▸ **WHAT IS BEING ASKED**
The copy must hold exactly the lines from the one with "Lonely Sailboat On" through the end of the listing below, and nothing else, with no pictures.

▸ **SUPPLIED MATERIAL**

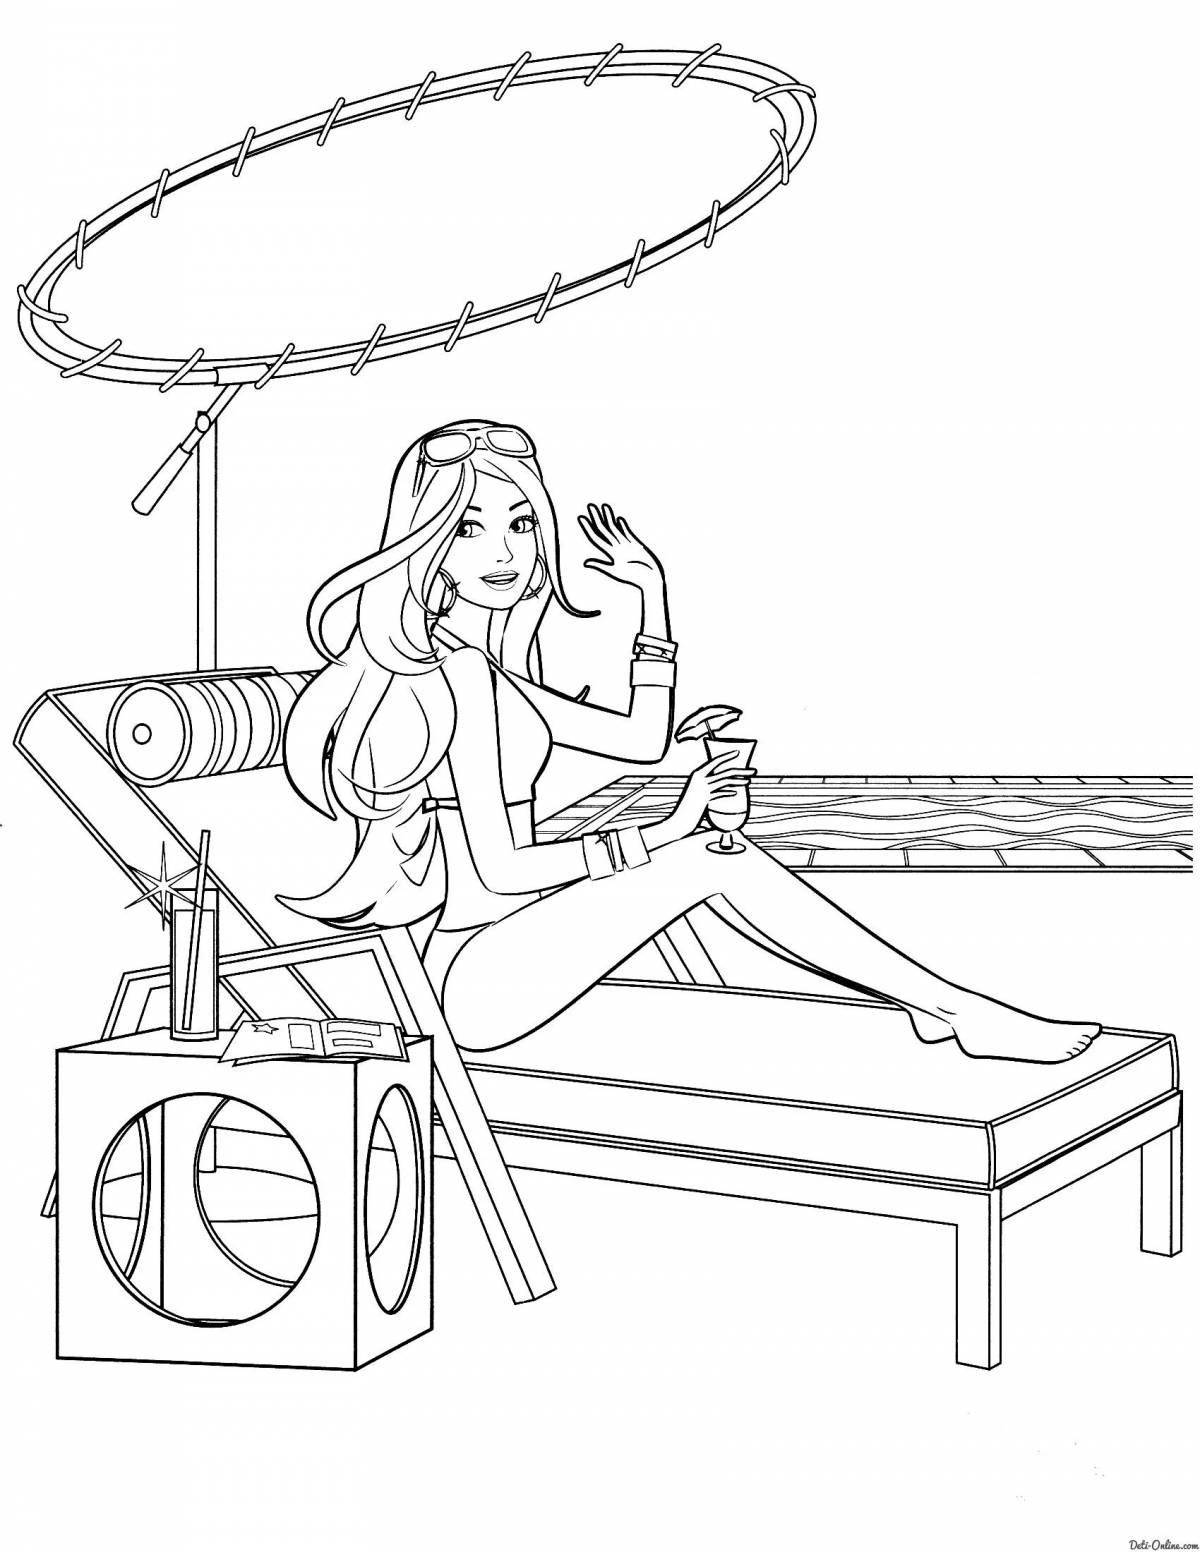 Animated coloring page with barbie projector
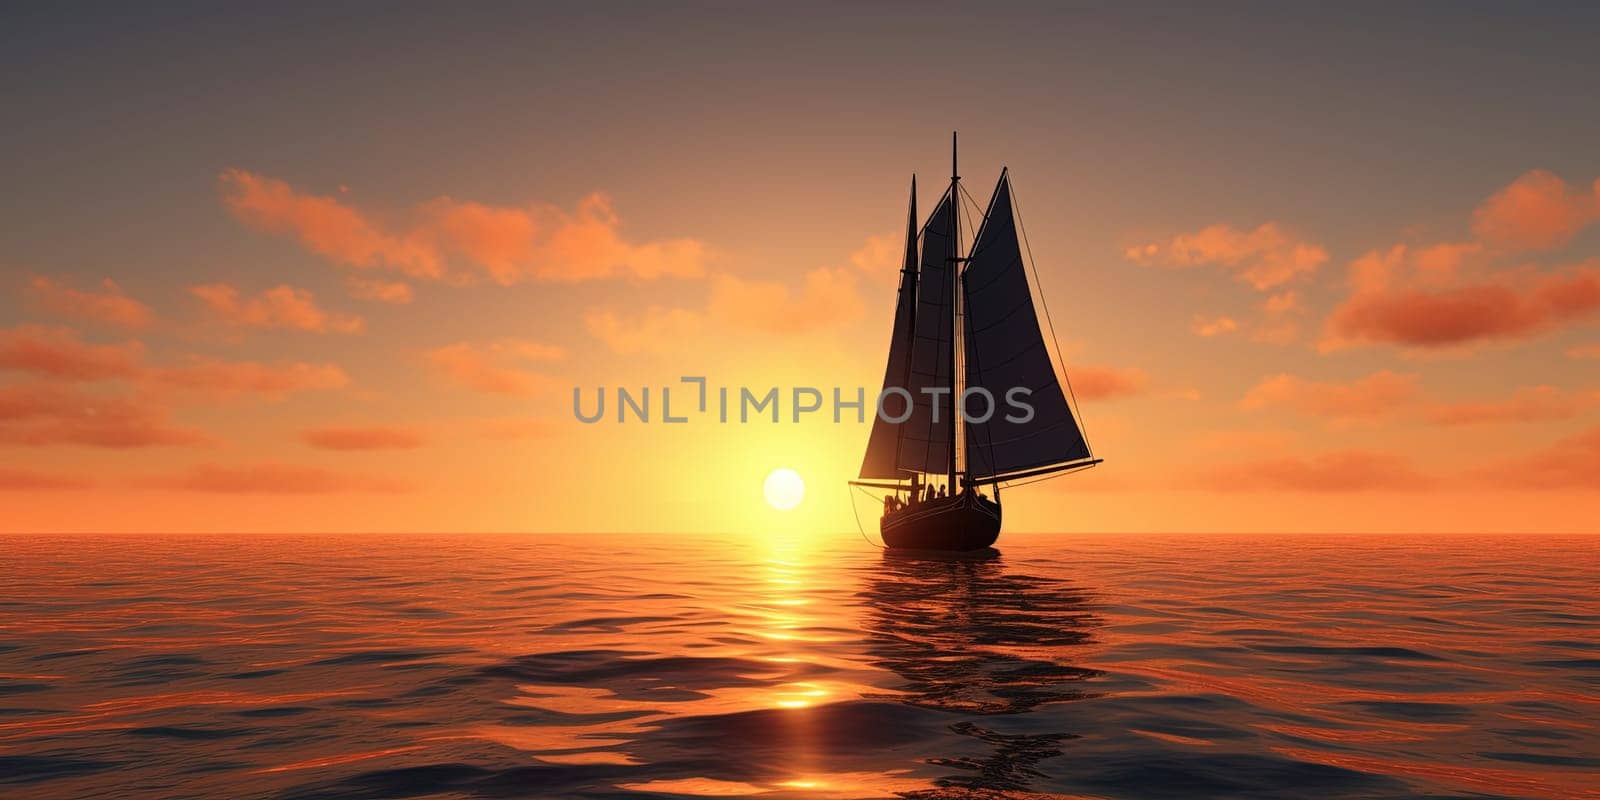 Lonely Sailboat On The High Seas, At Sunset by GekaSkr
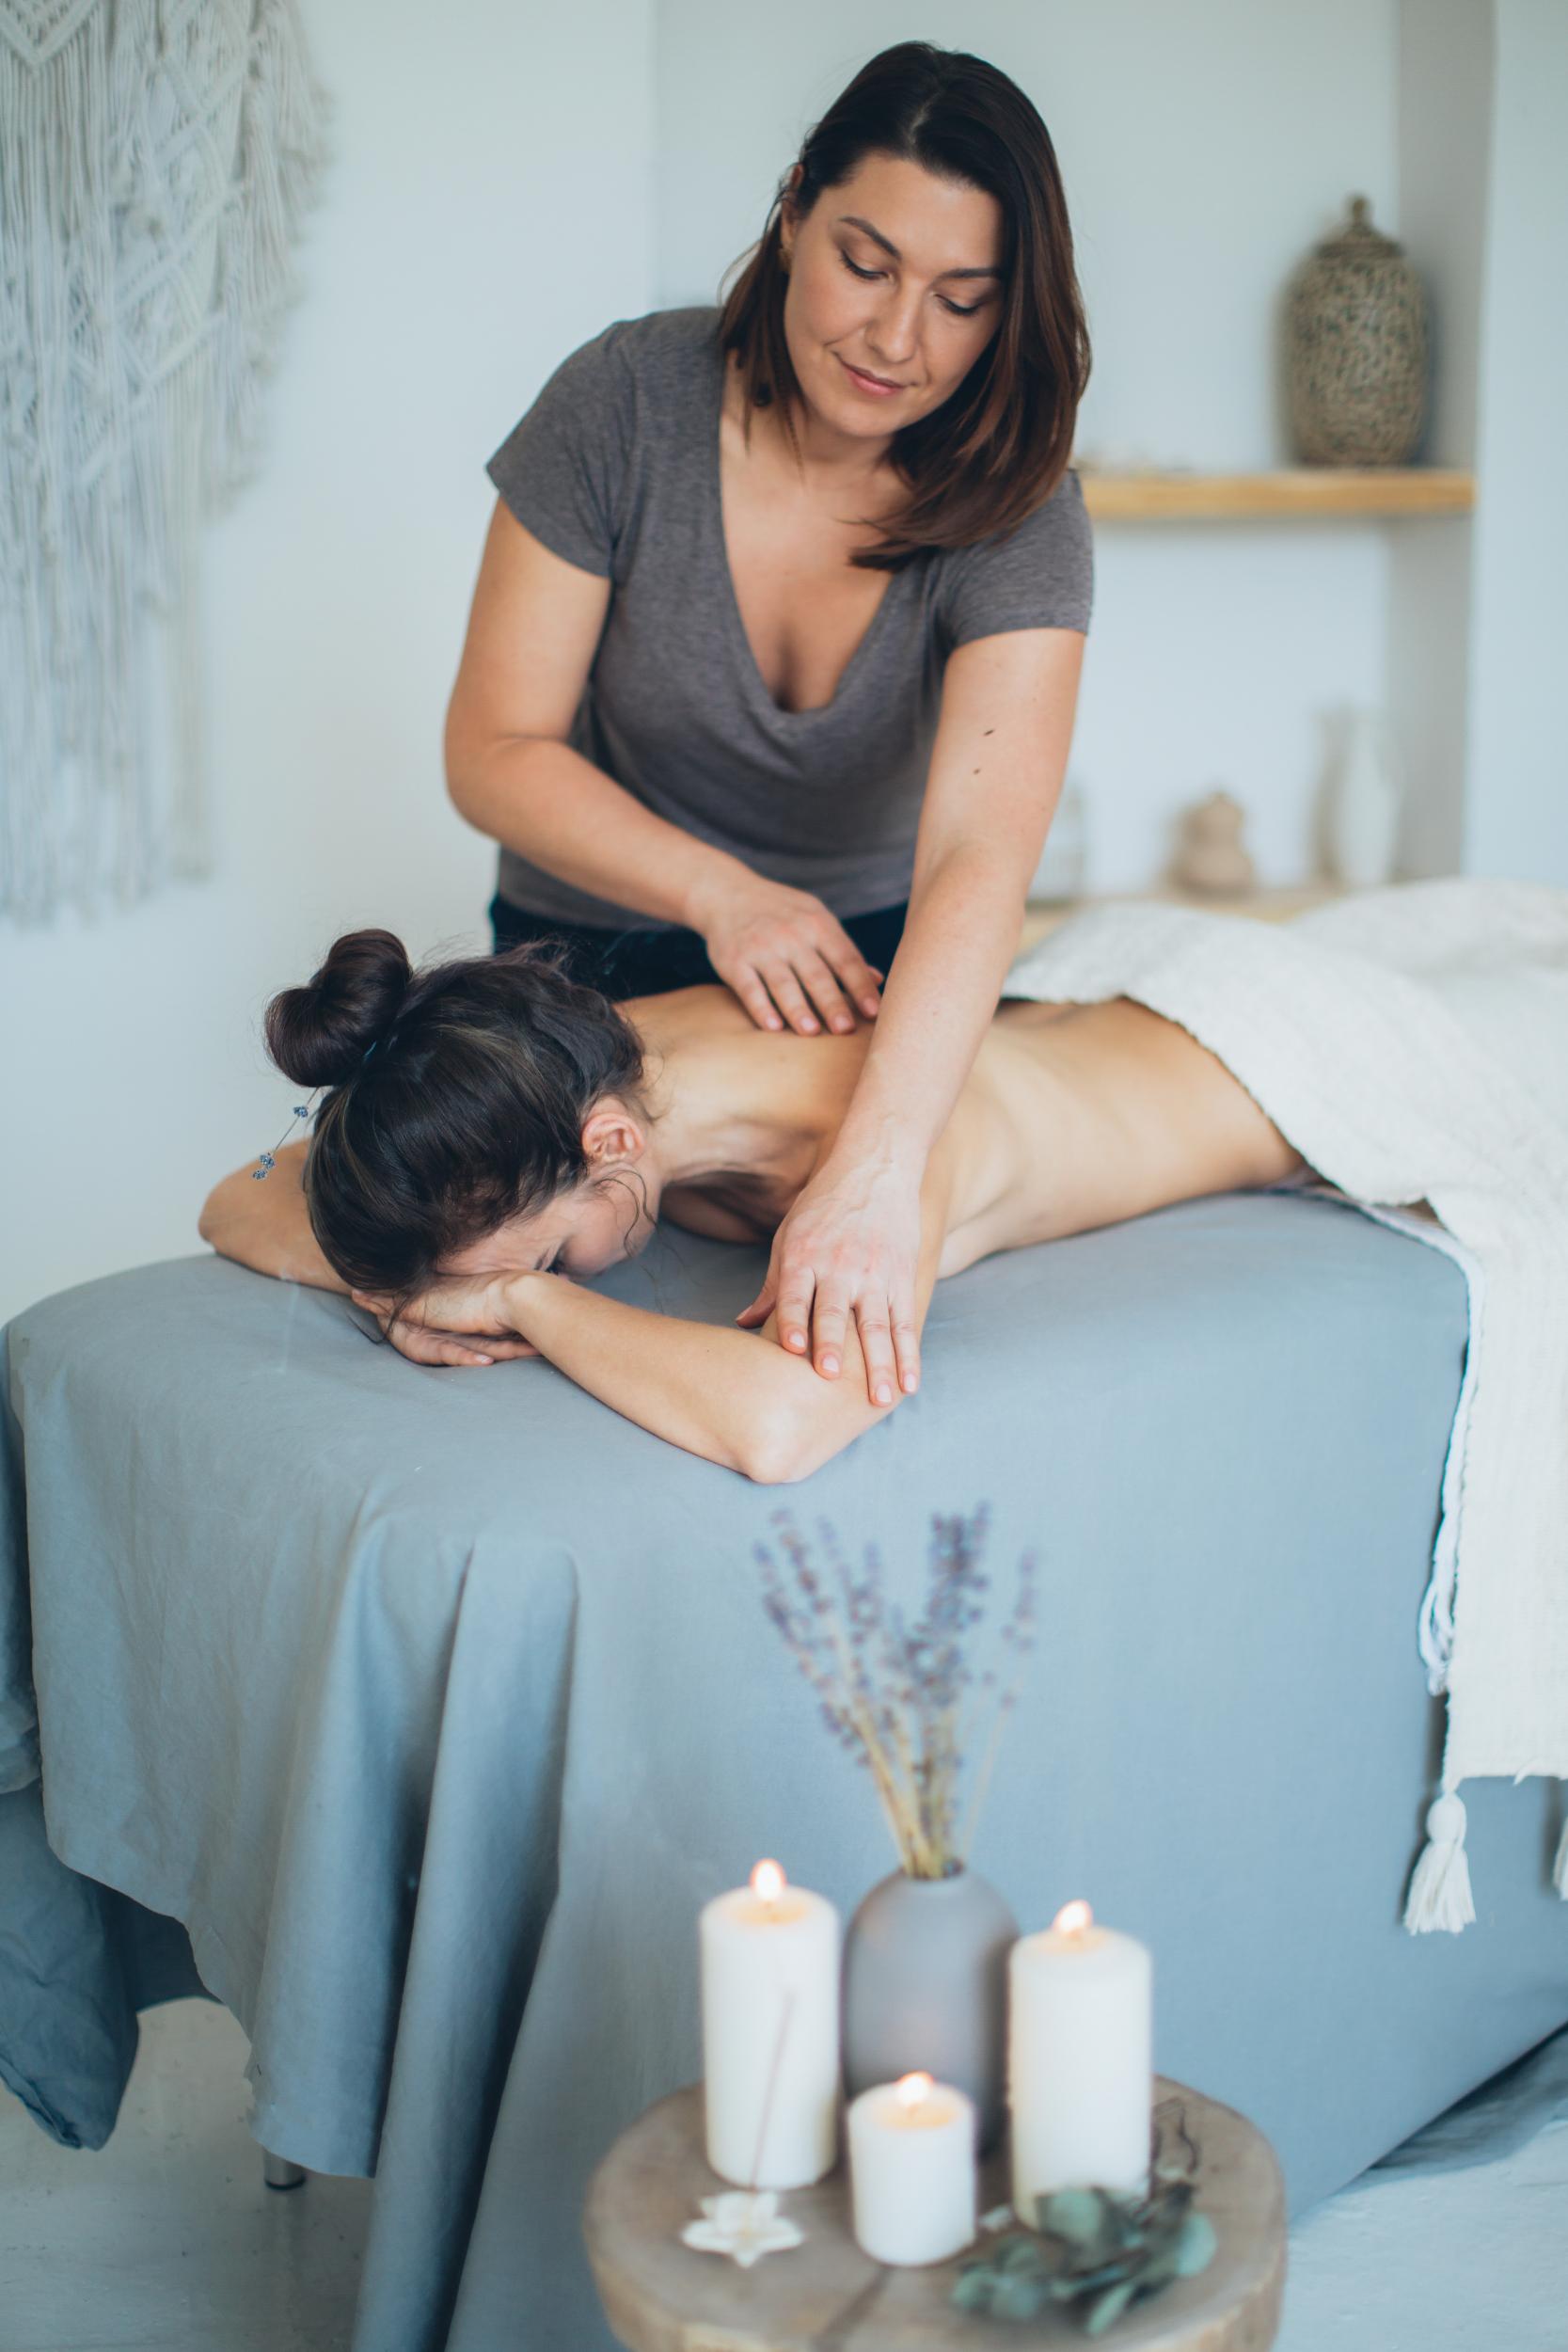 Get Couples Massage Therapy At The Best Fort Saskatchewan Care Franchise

▸ **TASK ANSWER**
 Lonely Sailboat On The High Seas, At Sunset by GekaSkr
 Get Couples Massage Therapy At The Best Fort Saskatchewan Care Franchise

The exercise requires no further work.